Dan Abraham construction to close streets
Mayo Clinic employees Melissa Larson of Rochester and Ryan Frank of Mantorville discuss the construction along West Center Street near the Dan Abraham Healthy Living Center in Rochester.

Construction on the Dan Abraham Healthy Living Center kicked off this week, forcing those who live and work in downtown Rochester to adjust routes.

The use of a small crane and construction equipment will block off a small portion of Center Street West until December 2013. Parking meters along Sixth Avenue will also be closed intermittently.

John Wellner, infrastructure manager with Rochester Public Works, said there are many alternate streets available to drivers, allowing them to be flexible in their routes. The city has received no complaints thus far.

"It isn't like we don't disrupt traffic on almost an annual basis downtown," Wellner said.

Next month, Second Street Southwest is expected to undergo a five-month renovation. The construction will stretch between Sixth and 11th avenues, about two blocks away from the current construction. It's not clear yet what type of closure will be required there.


The construction on the Dan Abraham Healthy Living Center will double the height of the current facility, adding four floors to the top of the building. Three of those will be dedicated to the Mayo Clinic Healthy Living Program, an individualized wellness program that will tailor physical activity, nutrition and resiliency, like yoga or meditation, to patients, said Donald Hensrud, chair of preventative medicine at Mayo Clinic. The program expects to open its doors in early 2014.

He said the goal will be to help people make long-term healthy lifestyle changes, like incorporating healthy cooking on a daily basis. Hensrud said that he hopes the new expansion will be just one part of what Mayo Clinic will offer in healthy living in the future.

"We think there's a need out there," he said.

The construction will not interfere with access to the current facility, which is open to employees and their dependents, but it does affect the occupants of its neighboring building and surrounding traffic.

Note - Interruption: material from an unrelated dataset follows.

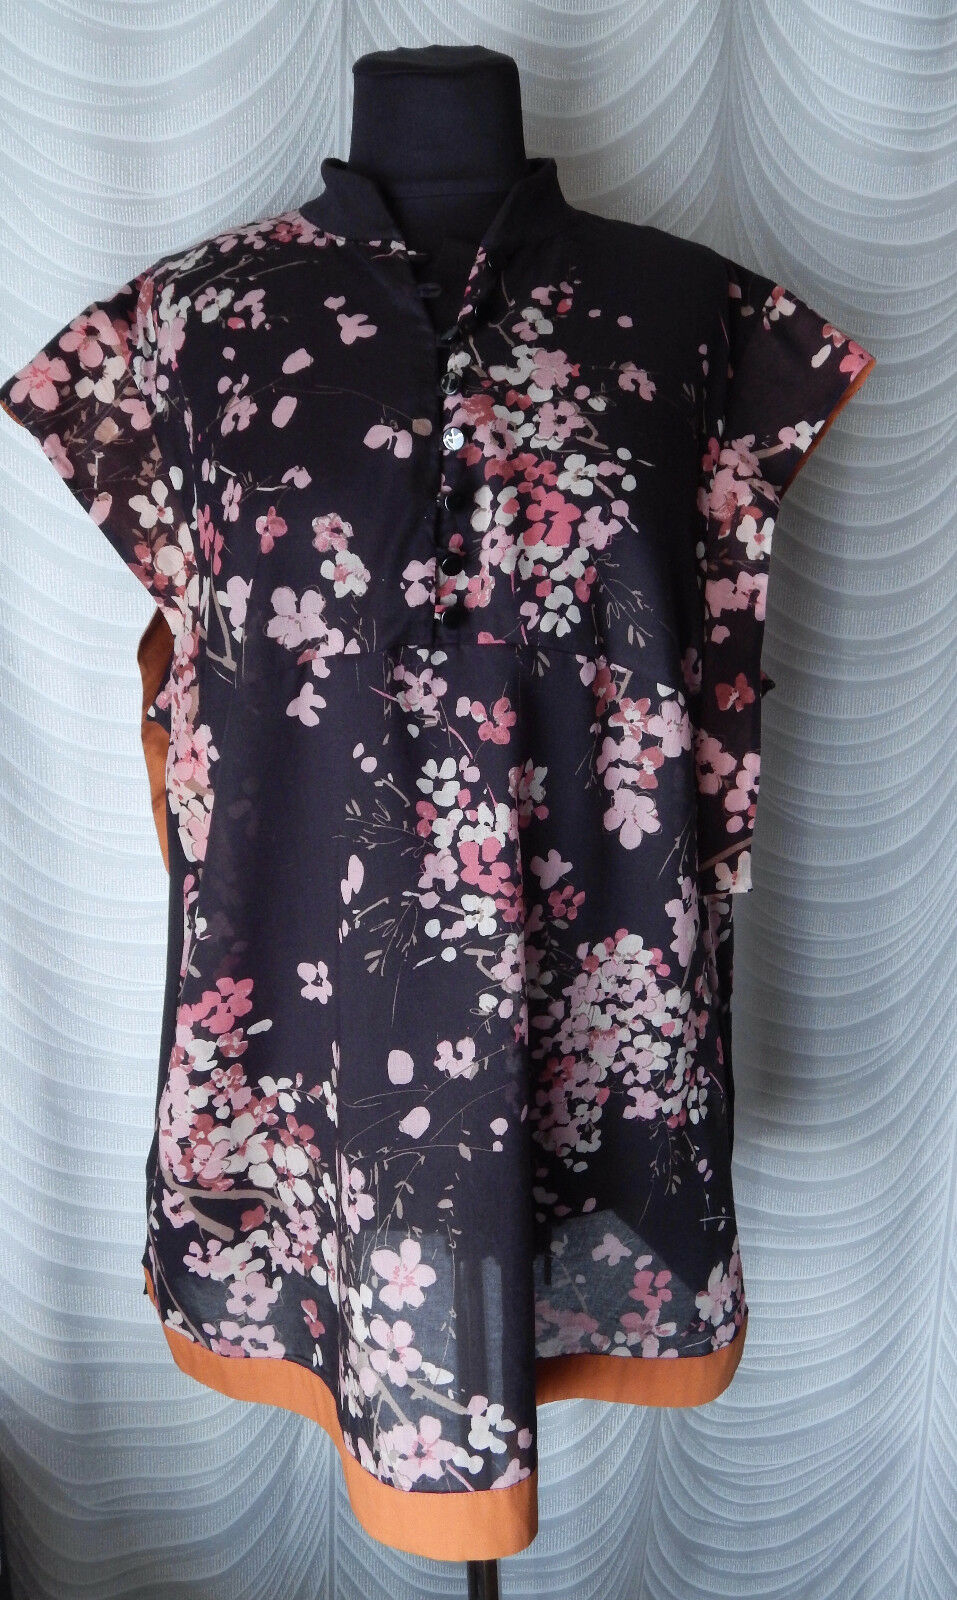 ✔Marina Rinaldi Sport T-Shirt Blouse schwarz Floral Short Sleeve Größe XL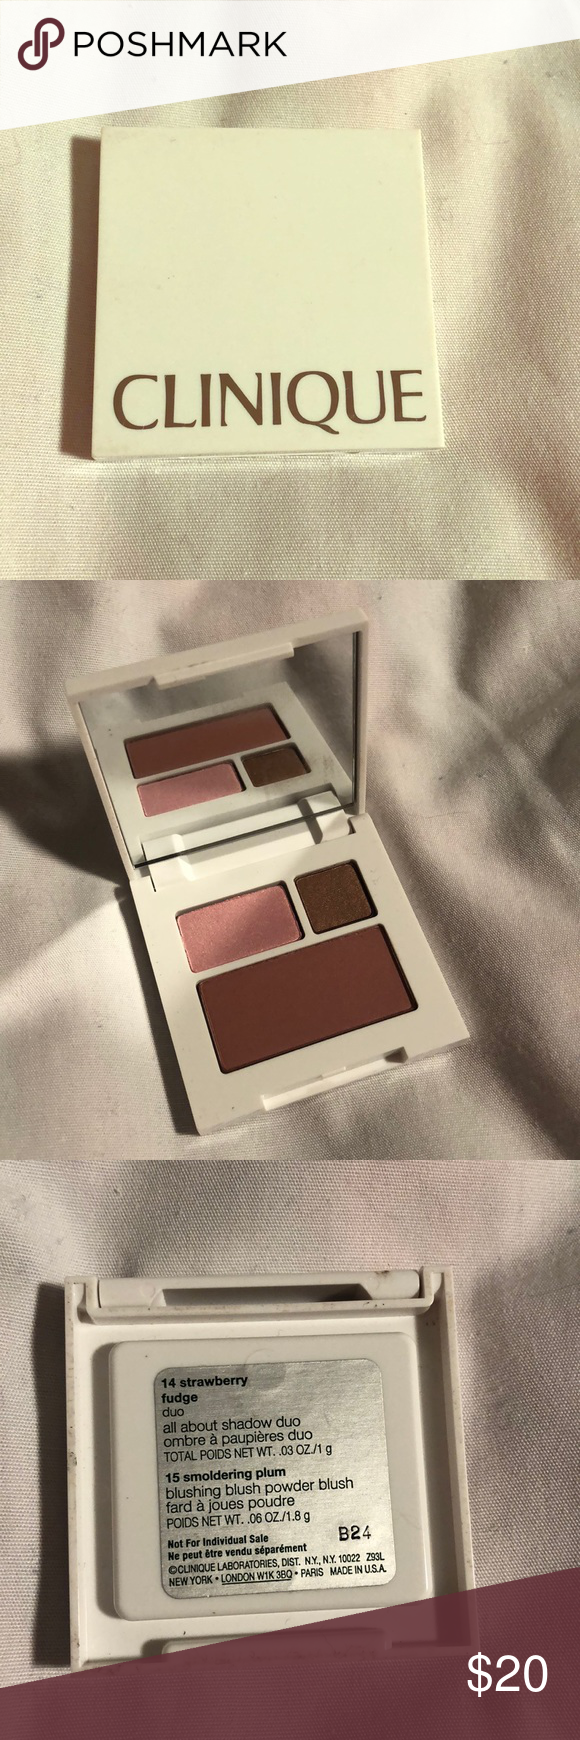 Clinique eyeshadow and blush palette Strawberry fudge duo, smoldering plum blush Clinique Makeup

Center Street's partial closure delays students at St. John the Evangelist School about 10 minutes on their way home, said associate administrator Suzanne Lagerwaard. She said students need to walk farther to get on the buses after school, pushing their leave time to about 4 p.m.

Lagerwaard said the school, located on the block of the construction on Center Street, was well-informed of the construction so it's "not a problem."

Amber Paulson of Mantorville, said she often walks through the intersection of Center Street and Sixth Avenue to her job as a supply chain manager at the Mayo Clinic. The intersection is already busy, she said, but she has seen a small increase in traffic.

She said she's "pretty used to" the construction projects in the summer.


"It seems like I've noticed it all over," Paulson said.